After it ran, I requested it to then use /tikz to repair labeling, and so on., after which /referee2 to critique it. And as soon as these have been accomplished, I advised Claude to do the whole lot /referee2 mentioned to do. This isn’t instantaneous, and it’ll spend about 20k to 25k tokens more than likely all mentioned and accomplished. So not low-cost, however on the similar time, however on the similar time, it wouldn’t get you on the Meta chief board which was a contest they ran to see who may use essentially the most tokens. The winner basically price the corporate over one million {dollars} over 30 days by utilizing one thing like 1 billion tokens.

Virtually definitely there’s a extra environment friendly workflow and I’m going to spend time someday attempting to see what I can do to do this, however you get the gist. In case you ideas, although, please go away them on methods you may enhance, and I’ll evaluation them and have a dialog with my Claude to see if I ought to do it. Right here is the ultimate product.

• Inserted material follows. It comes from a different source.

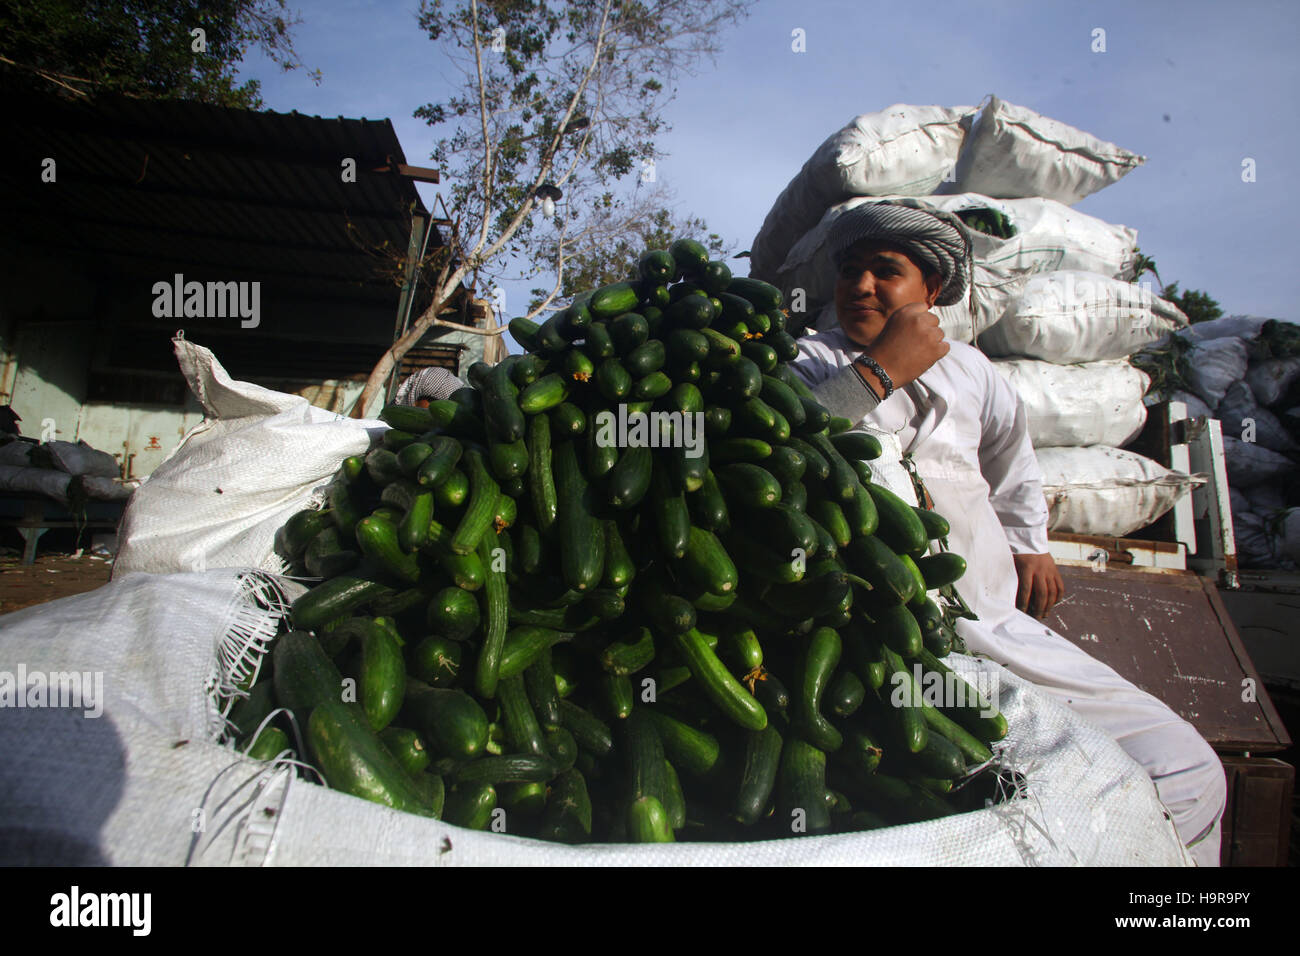 (161124) -- EL CAIRO, 24 de noviembre, 2016 (Xinhua) -- un vendedor espera a los clientes en el mercado Obour en El Cairo, capital de Egipto, el 19 de noviembre del 2016. Situado en las afueras al norte de El Cairo, Obour mayorista de frutas y hortalizas del mercado fue una vez el más transitado depot en Egipto, hasta que la recesión económica comenzó a golpear cada rincón de ella. (Xinhua/Ahmed Gomaa) Foto de stock

I’m going to, for at the moment, simply publish what I’ve although I think I’ll tinker extra with the deck later. I determine seeing the preliminary output, although, might be okay for the substack, as who is aware of — possibly the preliminary will land. Although I have a tendency to wish issues persistently reframed in a approach that matches how my mind works, and I sometimes go spherical and spherical with Claude on deck manufacturing till it’s precisely how I prefer it. So I could have to do this after I begin studying it.

That’s it for at the moment. This was so much. Within the subsequent entry, we are going to begin unpacking the content material from the deck however within the meantime, I encourage you to experiment with all of this in your finish. That approach you will get caught up in your personal time. Once we return, we are going to begin attempting to decipher the decomposition method. You might be inspired to learn the paper intently, however we will probably be narrowly centered on simply the decomposition method of the TWFE estimator within the steady dose diff-in-diff case.

Thanks once more for studying. This substack is a labor of affection, and in the meanwhile, I’m going to proceed to make the explicitly Claude Code posts initially free so that every one readers can study a bit how I take advantage of it. However I do encourage you to share this substack with others, notably utilized researchers desirous to study Claude Code within the context of studying one thing they’re primarily all for — utilized statistics, causal inference, information science, program analysis and econometrics for their very own analysis functions. And in the event you aren’t already a paying subscriber, take into account changing into one!

Deriving the TWFE Weights (Half 1)

Related Articles

Scientists Announce The First Clear Proof of a Chimpanzee ‘Civil Conflict’ : ScienceAlert

Choosing a Date Vary in CSS

Cisco Celebrates The Sensible Trade Industrial Transformation Award Winners

Latest Articles

Scientists Announce The First Clear Proof of a Chimpanzee ‘Civil Conflict’ : ScienceAlert

Choosing a Date Vary in CSS

Cisco Celebrates The Sensible Trade Industrial Transformation Award Winners

Is AI Hurting Entry-Degree Hiring and Making It Tougher for Current Grads to Get Roles?

Why did school graduates activate capitalism?